TASK BRIEF
Every entry should be returned unchanged, with the pictures omitted.

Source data
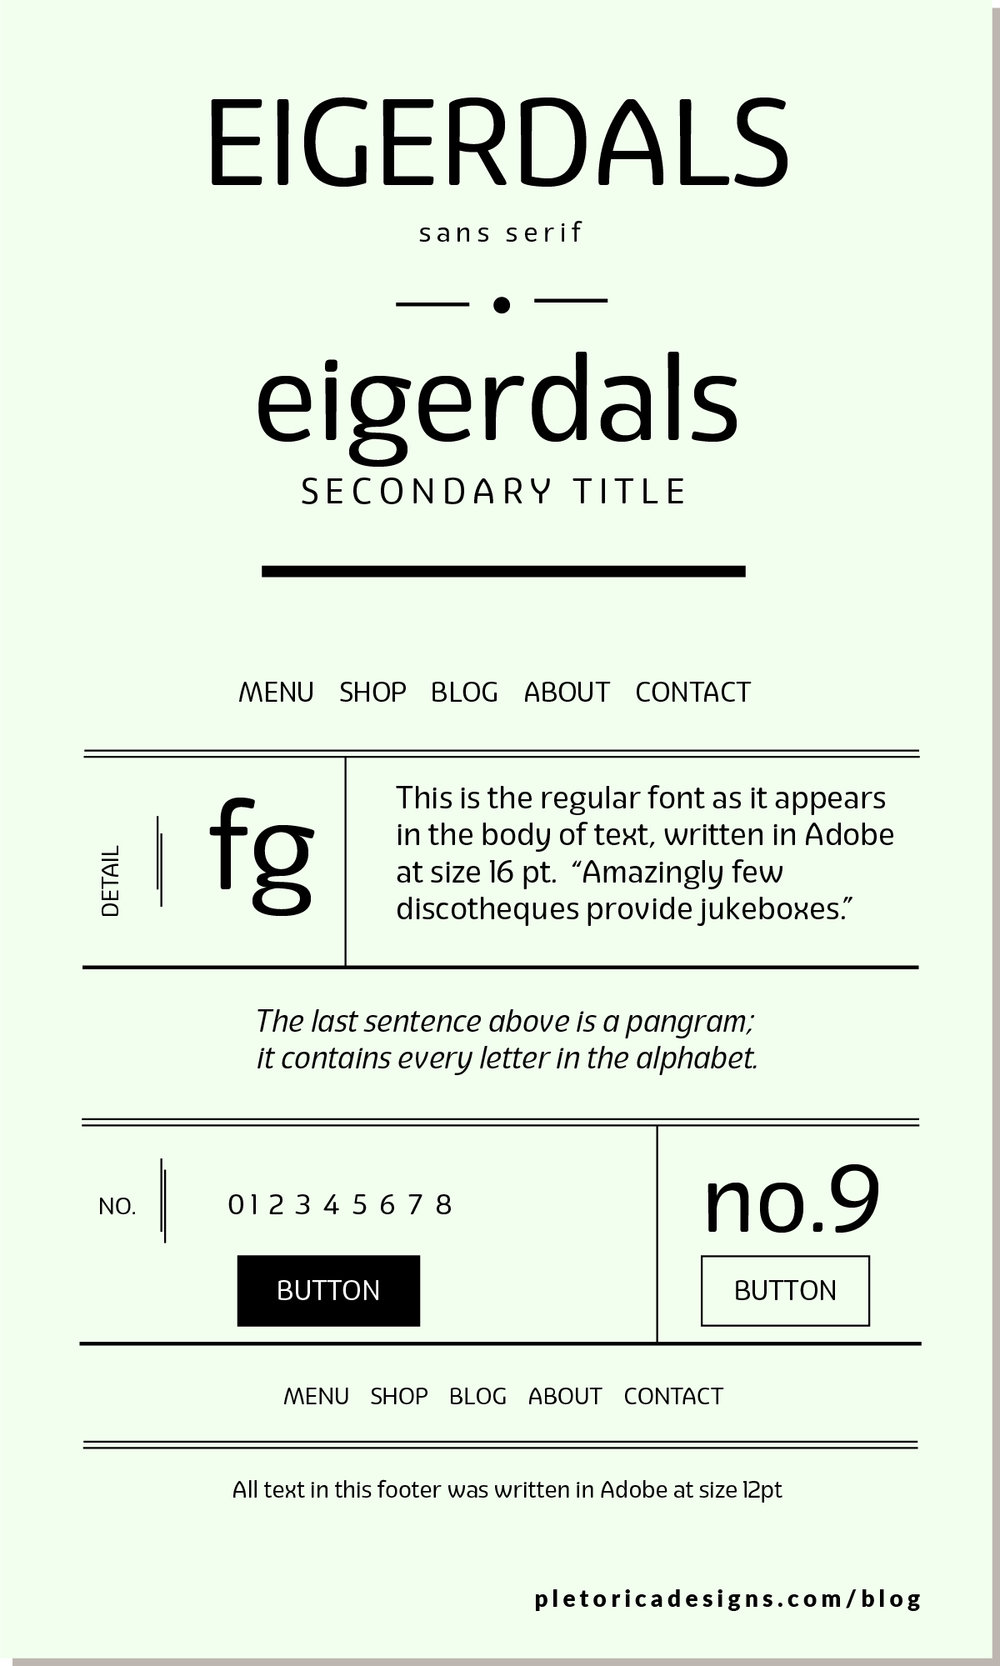 LET'S TYPE: Eigerdals — PLETÓRICA DESIGNS
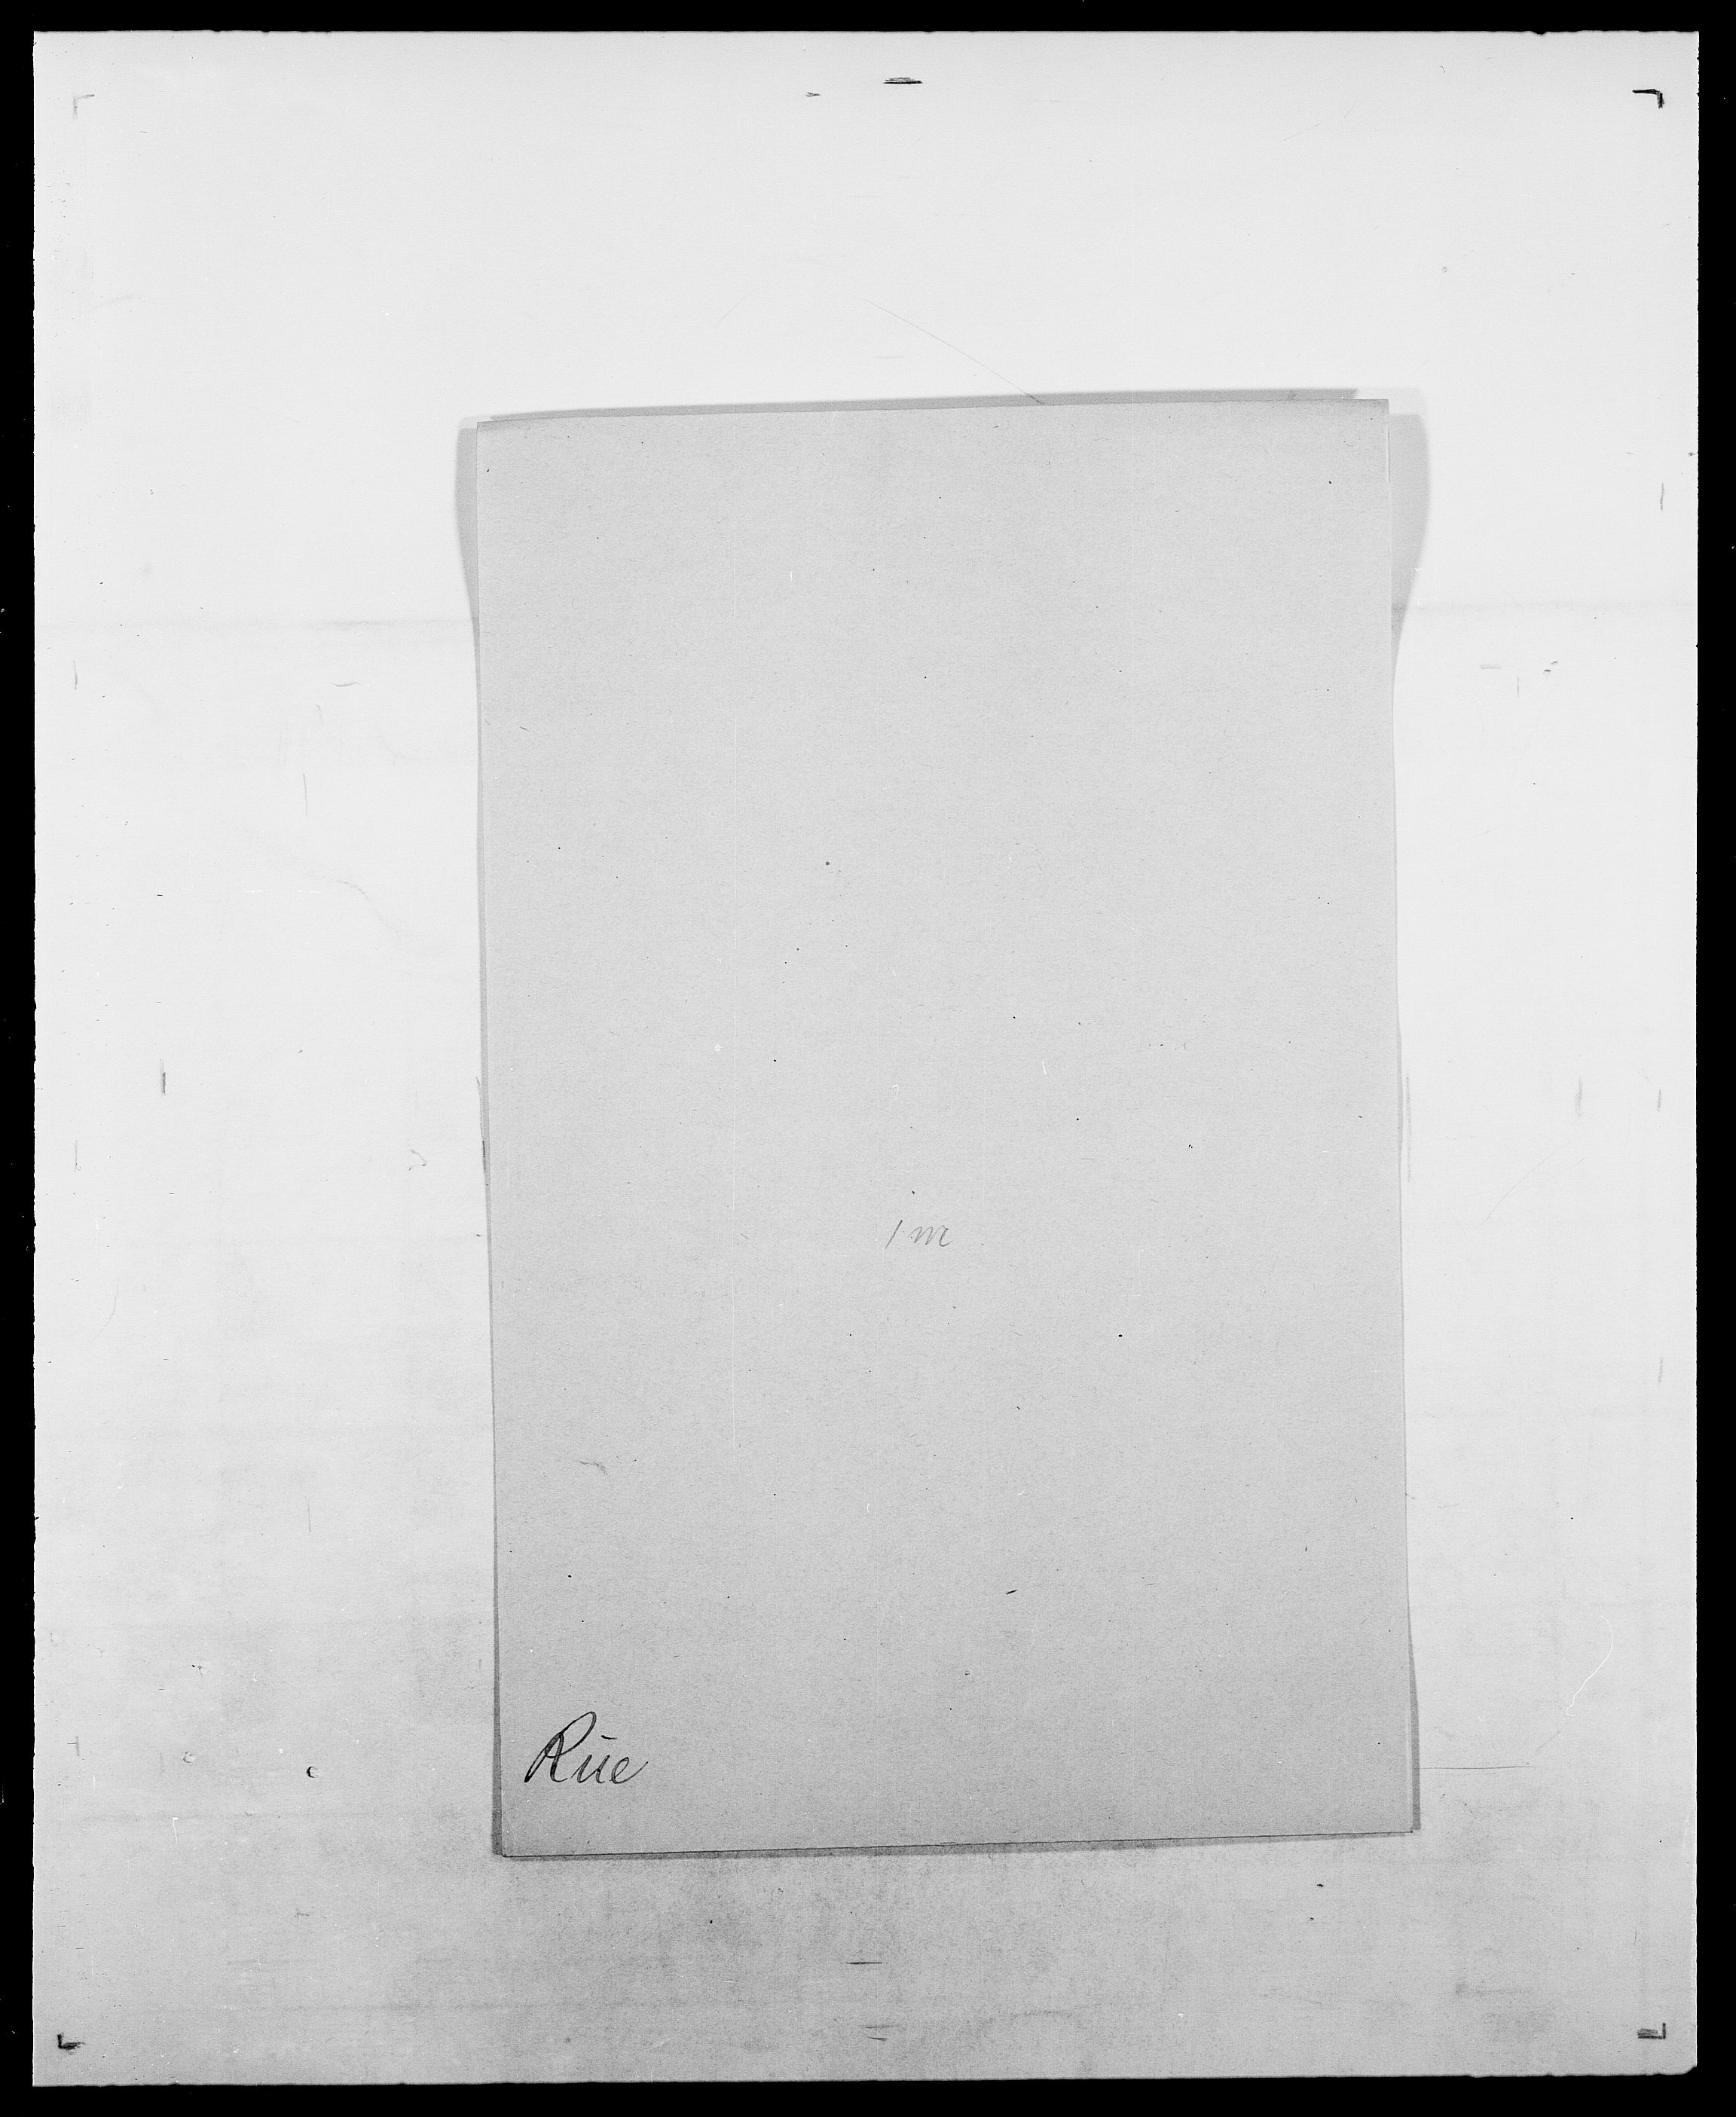 SAO, Delgobe, Charles Antoine - samling, D/Da/L0033: Roald - Røyem, s. 440
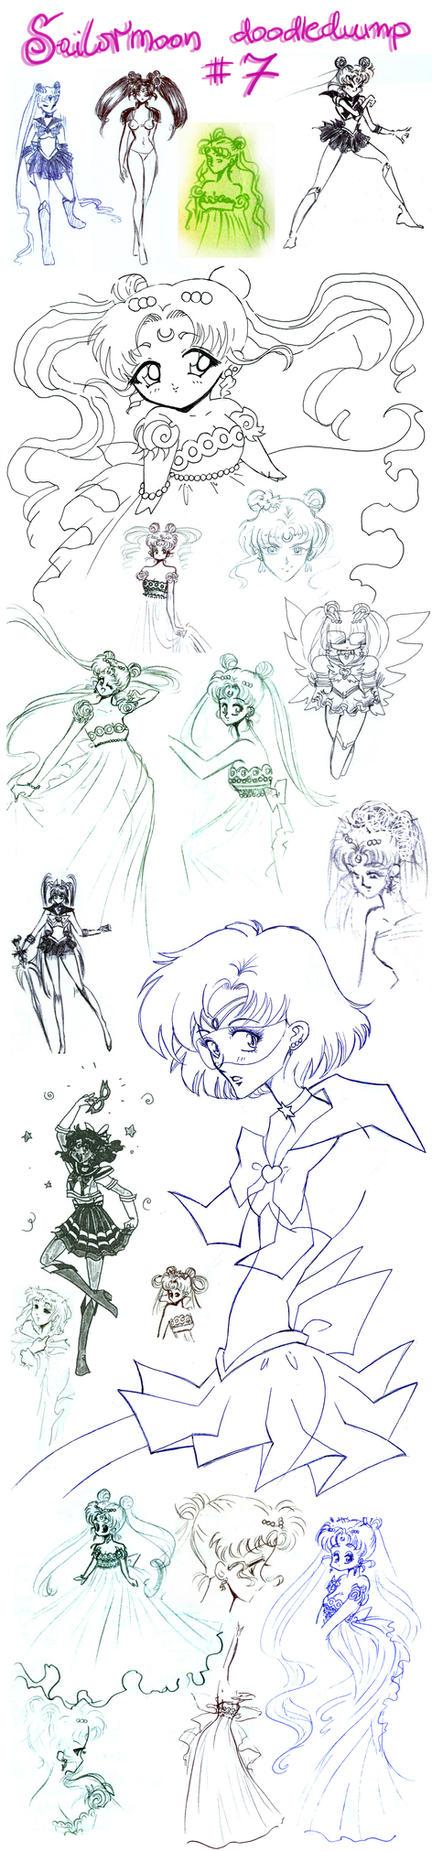 Sailormoon doodledump 7 by NitroFieja
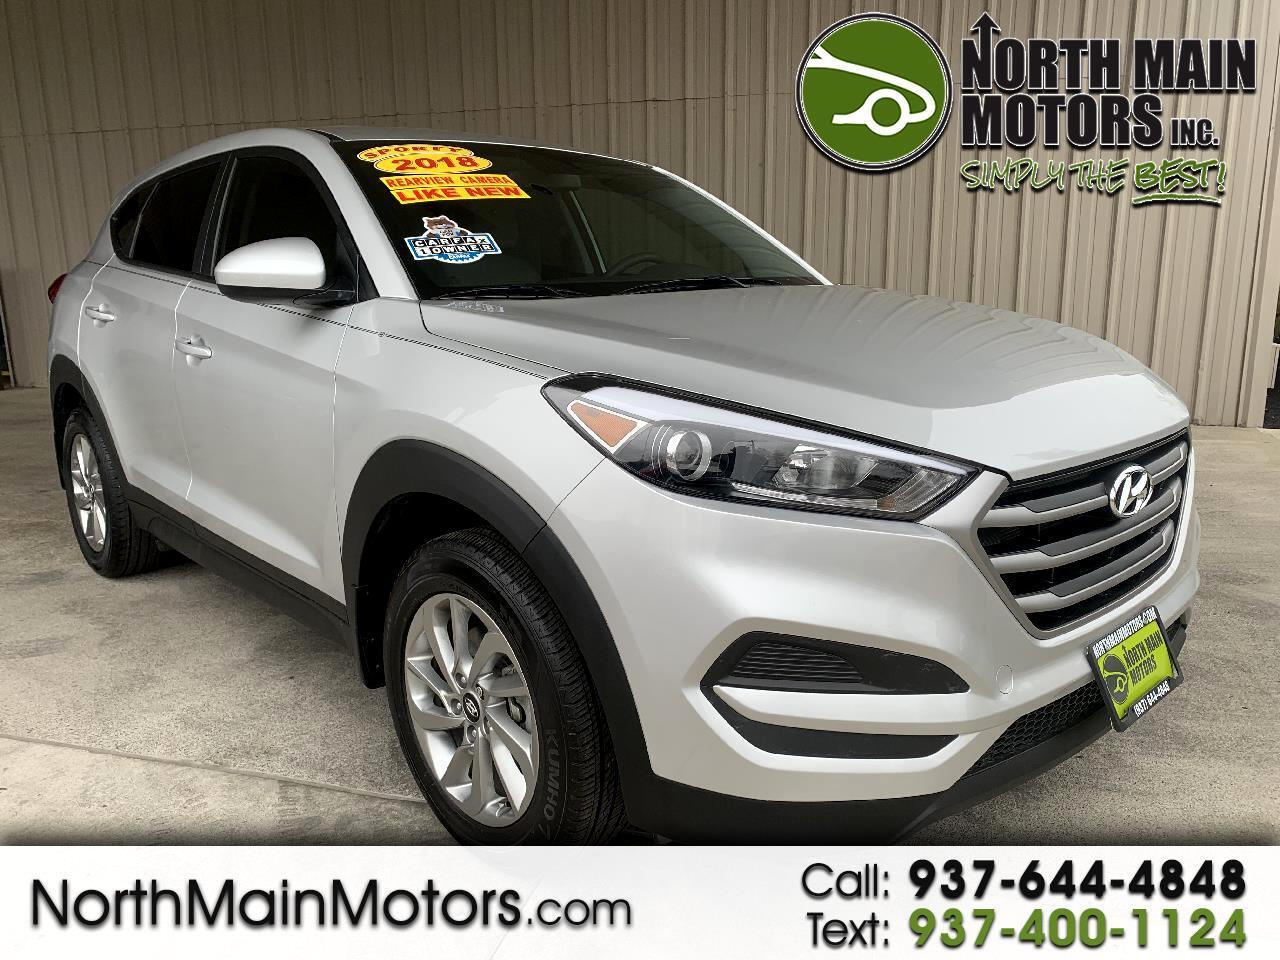 Hyundai Tucson SE FWD 2018
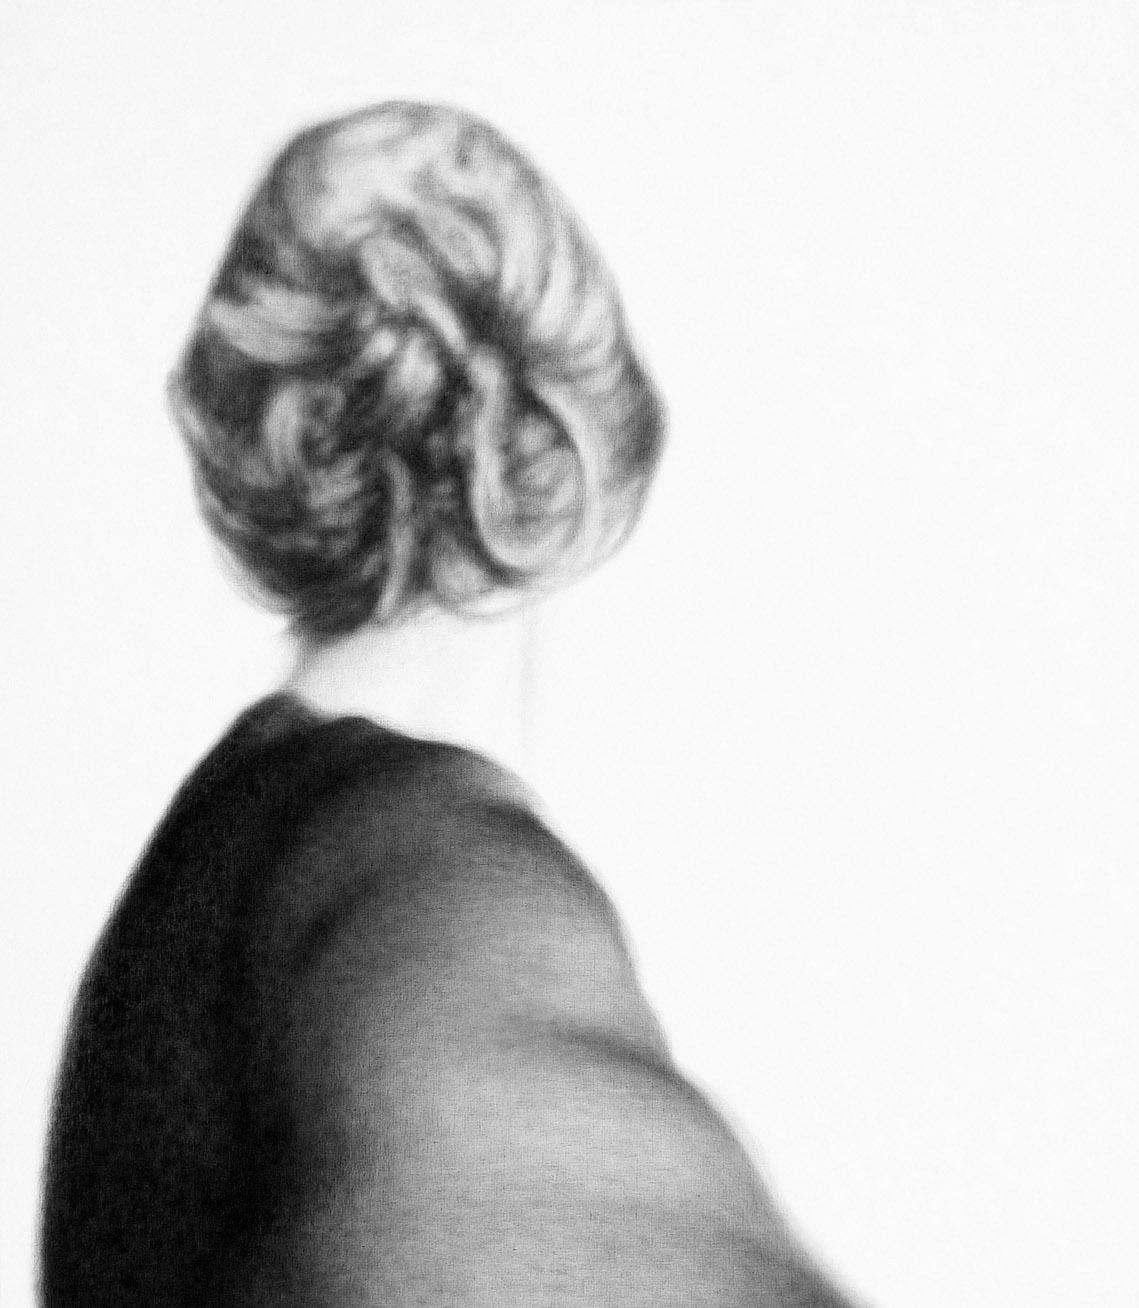 Lique Schoot, Self-portrait 13 07 02

PROBLEM SOLUTION
 LET'S TYPE: Eigerdals — PLETÓRICA DESIGNS
 SAO, Delgobe, Charles Antoine - samling, D/Da/L0033: Roald - Røyem, s. 440
 Sailormoon doodledump 7 by NitroFieja
 Hyundai Tucson SE FWD 2018
 Lique Schoot, Self-portrait 13 07 02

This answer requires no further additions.